There is no requirement of company secretary signature on various compliances for a one person company. There are lesser number of compliances for a one person company when we compare with other form of organisations. The annual returns and books of accounts need to be signed by only director.
Incorporation of one person company is comparatively easy. The member can be director also. At present there is no capital requirement for incorporating a one person company.
It is as good as a sole proprietor ship the management of an OPC is easy. Since a single person can establish and run the OPC, it becomes easy to manage its affairs. It is easy to make decisions, and the decision-making process is quick as well the execution. The ordinary and special resolutions can be passed by the member easily by entering them into the minute book and signed by the sole member.
The OPC has the feature of perpetual succession even when there is only one member. While incorporating the OPC, the single-member needs to appoint a nominee. Upon the member’s death, the nominee will run the company in the member’s place. So the one person company is as good as other type of companies, and can survive even if all the members are no more.
The first step is to obtain the Digital Signature Certificate of the proposed Director(s) and subscriber of the One Person Company. The reason for this is that all the forms need to be submitted online and require the director and subscriber of Memorandum of the OPC. Following information/documents are required for application of DSC:
i. Aadhaar Card
ii. PAN Card
iii. Photograph
iv. Email address
v. Mobile Number
The next step while incorporating an OPC is to decide on the name of the Company. The name of the Company will be in the form of “ABC (OPC) Private Limited”.
The name can be approved in the Form SPICe+ 32 application. Only one preferred name along with the significance of keeping that name can be given in the Form SPICe+ 32 application. If the name gets rejected, another name can be submitted by applying another Form SPICe+ 32 application.
Once the name is approved by the MCA we move on to the next step.
We have to prepare the following documents which are required to be submitted to the ROC:
The Memorandum of Association (MOA) which are the objects to be followed by the Company or stating the business for which the company is going to be incorporated.
The Articles of the Association (AOA) lays down the by-laws on which the company will operate.
Since there are only 1 Director and a member, a nominee on behalf of such a person has to be appointed because in case he becomes incapacitated or dies and cannot perform his duties the nominee will perform on behalf of the director and take his place. His consent in Form INC – 3 will be taken along with his PAN card and Aadhar Card.
Proof of the proposed company's registered office as well as proof of ownership and NOC from the owner.
Declaration and Consent of the proposed Director of Form INC -9 and DIR – 2 respectively.
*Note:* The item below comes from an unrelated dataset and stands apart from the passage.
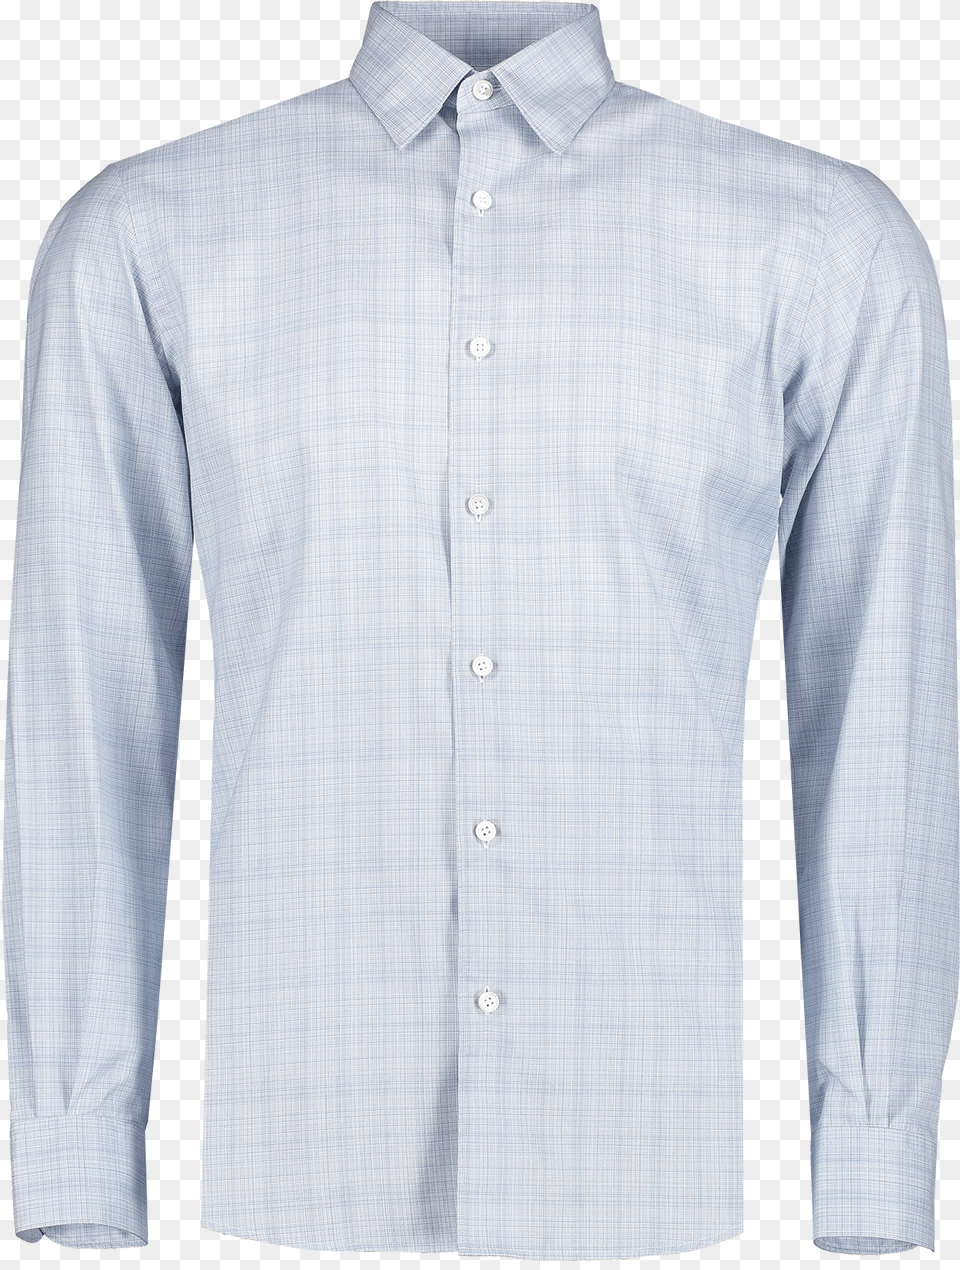 Blue Crosshatch Shirt Long Sleeve, Clothing, Dress Shirt, Long Sleeve Png

A declaration by the professional certifying that all compliances have been made.
The SPICe Form, SPICe-MOA and SPICe-AOA along with the digital signatures of the Director and the professional (CA/CS/CWA) will be uploaded to the MCA site for approval. The PAN and TAN is generated automatically at the time of incorporation of the Company.
On verification, the Registrar of Companies (ROC) will issue a Certificate of Incorporation and simultaneously PAN, TAN, ESI and EPF registration will be done for the Company.
Note: In case of NRI or Foreign National, documents of Subscribers of Memorandum and Directors must be notarized or apostilled.